**WORK INSTRUCTION**. Please give the number of lines in the material below that contain "Figure", without further comment.

**THE INPUT**.
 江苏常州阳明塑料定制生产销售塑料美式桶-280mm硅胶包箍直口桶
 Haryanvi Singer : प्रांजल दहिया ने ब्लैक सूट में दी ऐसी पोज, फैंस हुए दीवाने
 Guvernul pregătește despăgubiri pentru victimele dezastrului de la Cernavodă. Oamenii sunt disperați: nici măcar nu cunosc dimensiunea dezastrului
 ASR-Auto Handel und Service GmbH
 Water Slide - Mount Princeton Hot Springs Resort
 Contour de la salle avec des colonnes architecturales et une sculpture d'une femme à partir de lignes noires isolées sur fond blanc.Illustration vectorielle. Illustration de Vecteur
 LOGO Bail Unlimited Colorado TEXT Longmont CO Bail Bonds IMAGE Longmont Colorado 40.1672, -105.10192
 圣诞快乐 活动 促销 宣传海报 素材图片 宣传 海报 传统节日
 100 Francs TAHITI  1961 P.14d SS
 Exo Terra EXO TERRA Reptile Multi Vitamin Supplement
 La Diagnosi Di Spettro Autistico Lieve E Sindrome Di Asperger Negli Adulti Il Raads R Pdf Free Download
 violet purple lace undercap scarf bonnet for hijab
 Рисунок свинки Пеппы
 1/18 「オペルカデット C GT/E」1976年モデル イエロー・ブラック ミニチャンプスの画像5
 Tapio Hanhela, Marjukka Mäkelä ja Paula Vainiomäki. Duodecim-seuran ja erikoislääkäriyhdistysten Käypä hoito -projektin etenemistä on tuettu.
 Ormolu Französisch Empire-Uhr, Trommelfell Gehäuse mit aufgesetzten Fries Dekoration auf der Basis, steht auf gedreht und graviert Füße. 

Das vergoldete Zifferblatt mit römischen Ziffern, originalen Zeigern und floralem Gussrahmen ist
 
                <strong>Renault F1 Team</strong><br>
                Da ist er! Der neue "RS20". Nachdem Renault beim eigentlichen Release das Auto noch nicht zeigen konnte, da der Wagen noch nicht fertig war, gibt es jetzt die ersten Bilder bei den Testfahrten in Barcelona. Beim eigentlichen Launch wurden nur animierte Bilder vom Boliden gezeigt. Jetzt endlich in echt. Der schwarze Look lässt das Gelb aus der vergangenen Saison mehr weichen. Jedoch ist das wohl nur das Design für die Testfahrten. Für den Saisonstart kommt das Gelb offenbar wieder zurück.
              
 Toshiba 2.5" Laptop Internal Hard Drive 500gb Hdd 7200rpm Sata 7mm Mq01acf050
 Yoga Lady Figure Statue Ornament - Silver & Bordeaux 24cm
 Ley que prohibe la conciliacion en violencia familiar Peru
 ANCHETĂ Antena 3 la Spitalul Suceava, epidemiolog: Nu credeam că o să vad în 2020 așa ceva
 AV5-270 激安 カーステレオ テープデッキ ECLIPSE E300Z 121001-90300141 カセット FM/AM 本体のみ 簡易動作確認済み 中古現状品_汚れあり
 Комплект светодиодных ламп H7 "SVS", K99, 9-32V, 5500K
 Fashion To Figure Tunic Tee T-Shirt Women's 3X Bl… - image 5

**YOUR RESPONSE**. 2